Trump will keep up the pressure
Now the rumours about the central banks not being independent will gain traction, writes La Vanguardia:
“There is the suspicion that the Federal Reserve had lowered the interest rates in response to strong pressure from Donald Trump. ... The Federal Reserve is therefore creating uncertainty about its future monetary policy - something that a central bank should never do. What does seem clear is that Trump will continue to exert pressure aimed at further cuts in the interest rates because he hopes that by boosting the economy this will increase his chances of being re-elected as President of the United States.”
Short-term thinking jeopardises world economy
Trump is abusing the Fed to the detriment of the rest of the world, Le Monde fears:
“'As usual Powell has left us in the lurch', Donald Trump let it be known, disappointed that interest rates weren't cut even more. His goal is to harness the Fed in the interests of his economic policy, whose weaknesses are now making themselves felt. But don't the trade war he has declared and the colossal budget deficit which he has further increased pose an even greater threat to global growth than what he sees as excessively high interest rates? In the short term Wall Street's performance and continued US growth are assured. But as with the last crisis, the rest of the world could end up paying the price.”

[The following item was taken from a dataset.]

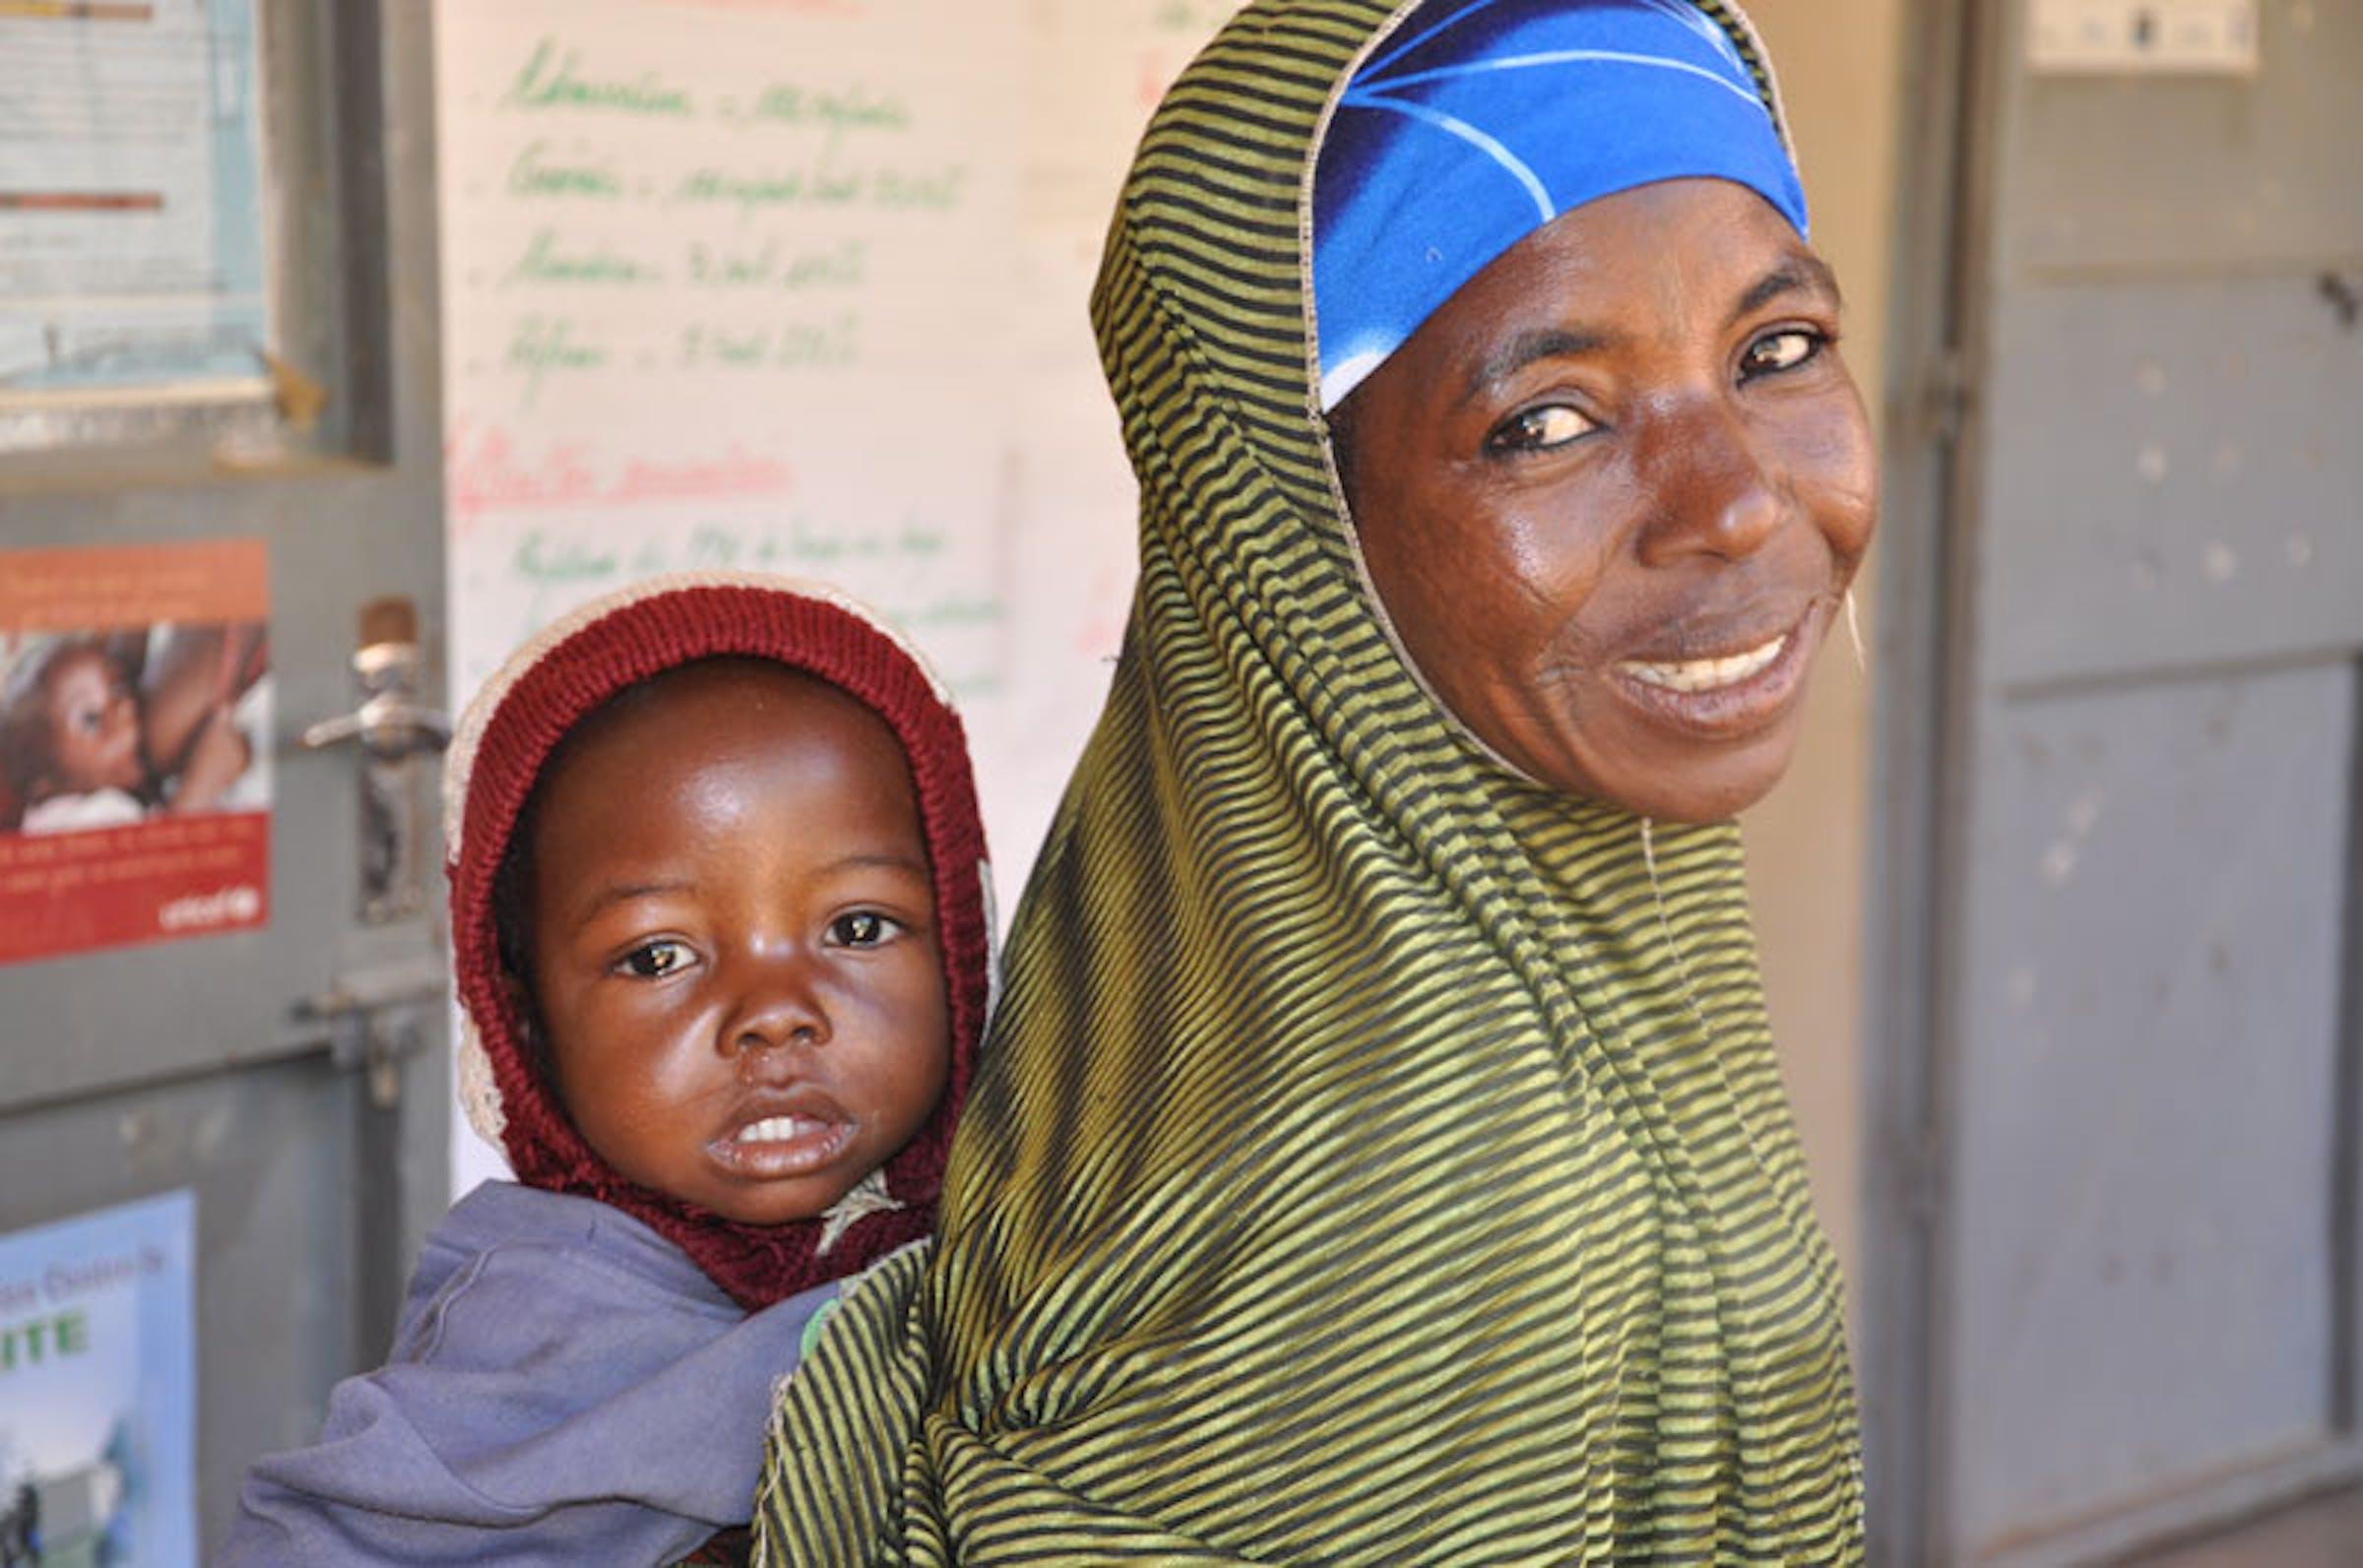 Madre e figlio al Centro nutrizionale terapeutico di Mazadou Abdou, in Niger - ©UNICEF Niger/2012/C.Tidey

Weak economy tipped the scales
It's wrong to think that the Fed chief succumbed to pressure from the US president, L'Echo counters:
“Did Jerome Powell really cede to Donald Trump's wishes? There's no basis for such an opinion. The Fed took account of the fact that the US economy has reached the end of its cycle and that it's threatened by the ailing global economy. But he did not give in to Donald Trump's demands. What's more, Jerome Powell has warned that the Fed is not embarking on a series of interest rate cuts. As a result, all Trump could do was repeat that the Fed 'has once again left us in the lurch'.”
A breather for emerging countries
The Fed's move to lower interest rates will be a boon to many emerging economies, The Economist writes in delight:
“An American slump would hurt them, but so might a boom if it led the Fed to raise rates, sucking capital out of the developing world. The Fed's 0.25-percentage-point cut gives emerging economies welcome breathing space to ease their own interest rates and get back on a path to higher growth. ... South Korea has just lowered its benchmark rate for the first time in three years. Brazil cut rates to record lows this week. South Africa and Indonesia have loosened. Mexico is expected to ease soon. Easier money will help revive growth.”